Renzi parla alla testa, Grillo alla pancia. Ma manca qualcuno che parli al cuore, come Berlusconi
Parliamo di Berlusconi. È finita un’era? Quanto ha influenzato, quella stagione, il nostro immaginario collettivo? Cosa ha rappresentato per gli italiani? Un elemento di sintesi, un bersaglio di identificazione, un’abitudine? Tutte e tre le cose e molto di più, secondo Alessandro Amadori, psicologo e demoscopo della politica, fondatore di Coesis Research, già autore di due pubblicazioni (Mi consenta, Scheiwiller edizioni, 2002, e Madre Silvio, Mind, 2011) dedicate all’analisi semiotica dei modelli di comunicazione del fondatore di Forza Italia. «È finita un’era, e non è ben chiaro cosa accadrà. È un pezzo di auto-rappresentazione del Paese che esce di scena».
IL PARTITO DELL’AMORE. Secondo Amadori,«l’Italia aveva trovato un modello simile alla signoria, al principato, da quanto Berlusconi ha preso il Biscione degli Sforza e l’ha piantato sul suo regno d’antenne». Un modello che prima di essere economico è cognitivo: «Con tutti i suoi errori, aveva proposto uno schema chiaro, che poteva piacere o non piacere: quello del godersi la vita, del procurarsi ricchezza. Era più di un programma politico, era un’idea dell’Italia». E in quanto tale, capace di scatenare odio estremo o grande amore. E adesso? «Quel romanzo italiano a colori non c’è più. Siamo governati da un’entità impersonale, una sorta di sistema asettico. Nulla di più lontano da quello a cui ci siamo abituati».
Effettivamente la differenza tra un governo tecnico e il «partito dell’amore» è tangibile. In mezzo, ci sono tutte le metafore e in simboli attraverso i quali Berlusconi ha conquistato, e poi perso, il consenso degli italiani. Per qualcuno si è trattato di un regime. «Invece era un reame, psicologicamente parlando, una sorta di Camelot versione Arcore.
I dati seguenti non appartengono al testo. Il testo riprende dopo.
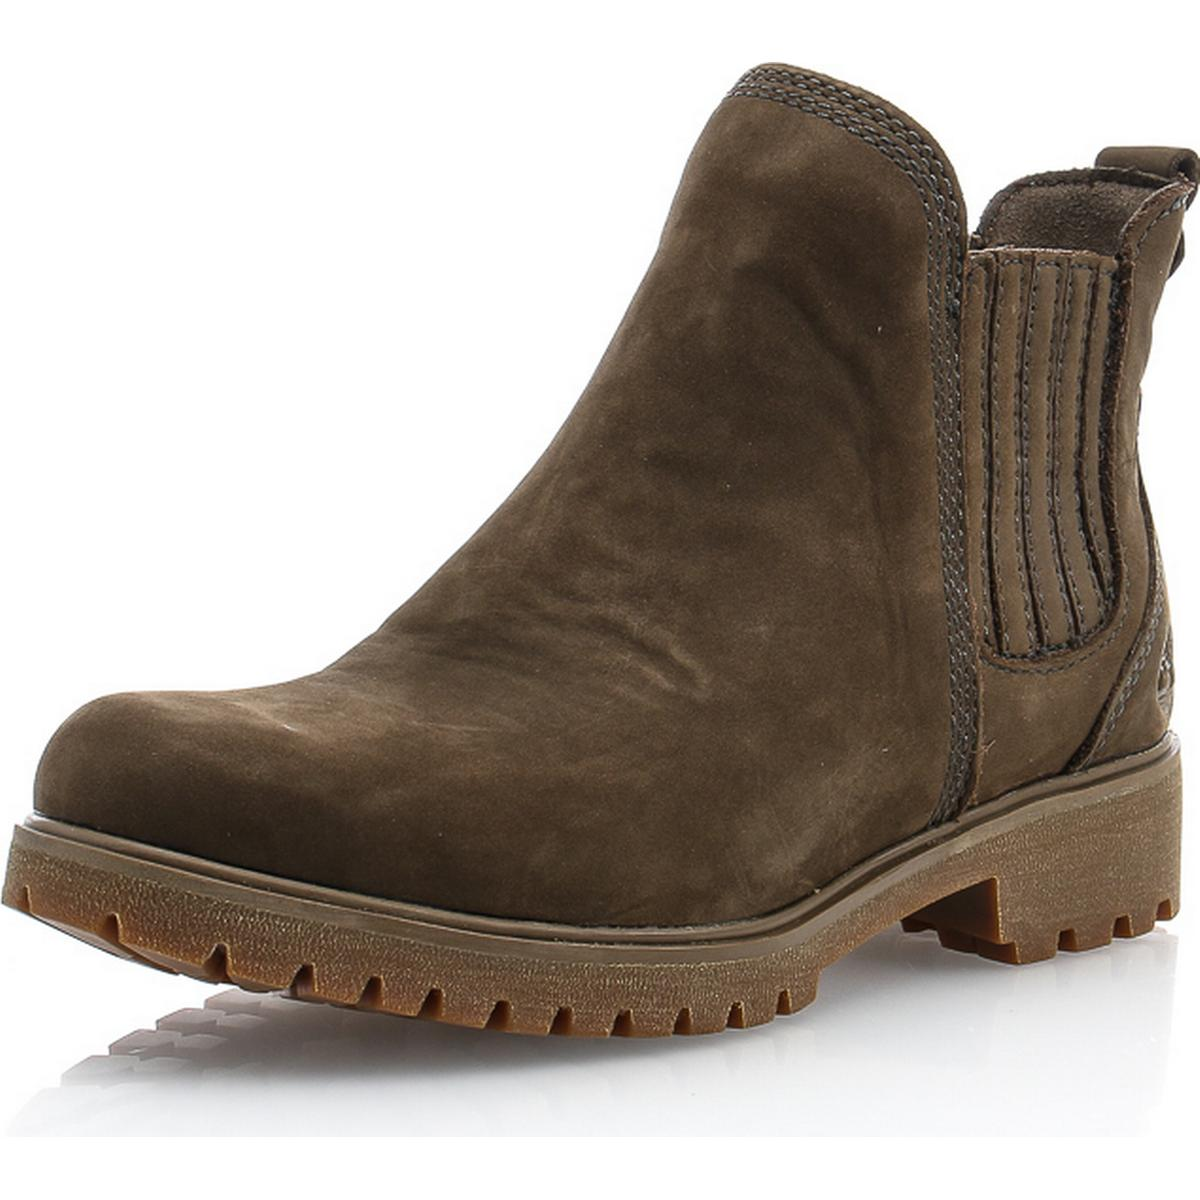 af42ecc0106 Timberland Chelsea Boots - Jämför priser på Jodhpur PriceRunner

Ce lo ricordiamo Berlusconi nel 1992? Era un oggetto di amore e identificazione sceso in campo con la forza dei suoi mezzi, come Ettore e Achille, per combattere con la forza della passione. Sembrava dire: io vi amerò e combatterò per voi. Un fighter lover, che parla all’inconscio delle persone».
A LATO PER RIMETTERSI IN GIOCO. Adesso cos’è cambiato? «Politicamente si è smarcato dal ruolo del bersaglio fisso. Ha fatto un passo di lato, sbloccando una situazione in cui non aveva più margini di libertà, rimettendosi in gioco. Questo ridimensionamento di potere lo rende più vulnerabile? È presto per dirlo. Non mi aspetto un drastico mutamento di scenario. Le trame della Seconda Repubblica continueranno a manifestarsi, in altro modo». E a livello di comunicazione? «È mutato il registro. E quindi l’archetipo. Sembra dire agli italiani: mi prenderò cura di voi, continuando ad amarvi sotto un’altra forma, fra il mentore e l’allenatore. Una relazione di accudimento, che gli ridà dignità. Non è più sul trono: si pone come un uomo come tutti, ma con più esperienza». In passato Berlusconi ha segmentato fortemente il pubblico. Che fine farà tutto l’amore e tutto l’odio che ha catalizzato su di sé in questi anni? «La mia impressione è che resterà un vuoto. La sua grandezza hollywoodiana resterà un tratto unico, non penso ritroveremo investimenti emozionali così forti. E a qualcuno mancherà, sia a chi lo venera sia a chi lo detesta».
GRILLO E LE METAFORE VENTRALI. Matteo Renzi e Beppe Grillo sono entrambi degli ottimi comunicatori. Sono in grado di colmare questo vuoto? «La simpatia di Renzi, assieme alla sua capacità di apparire rassicurante, è molto berlusconiana. Il sindaco di Firenze però è aziendale, non suscita passionalità». E Grillo? «Ricorda il Cavaliere per il gusto dell’iperbole e la teatralità. Ha una certa passionalità, ma negativa. È thanatos, un processo distruttivo. Difatti usa metafore ventrali: zombie, mostri, cimiteri, riti funebri, seppellimento e così via».
In altre parole: Renzi si rivolge alla testa, Grillo alla pancia. Manca il cuore. «Berlusconi riusciva a parlare a tutti e tre. Ci abbiamo fatto l’abitudine, ci ha stregati, in positivo e in negativo. Oggi questa parte “seduttiva”, l’eros, manca del tutto. È per questo che, nonostante tutto, l’attuale narrazione politica ci appare terribilmente fredda».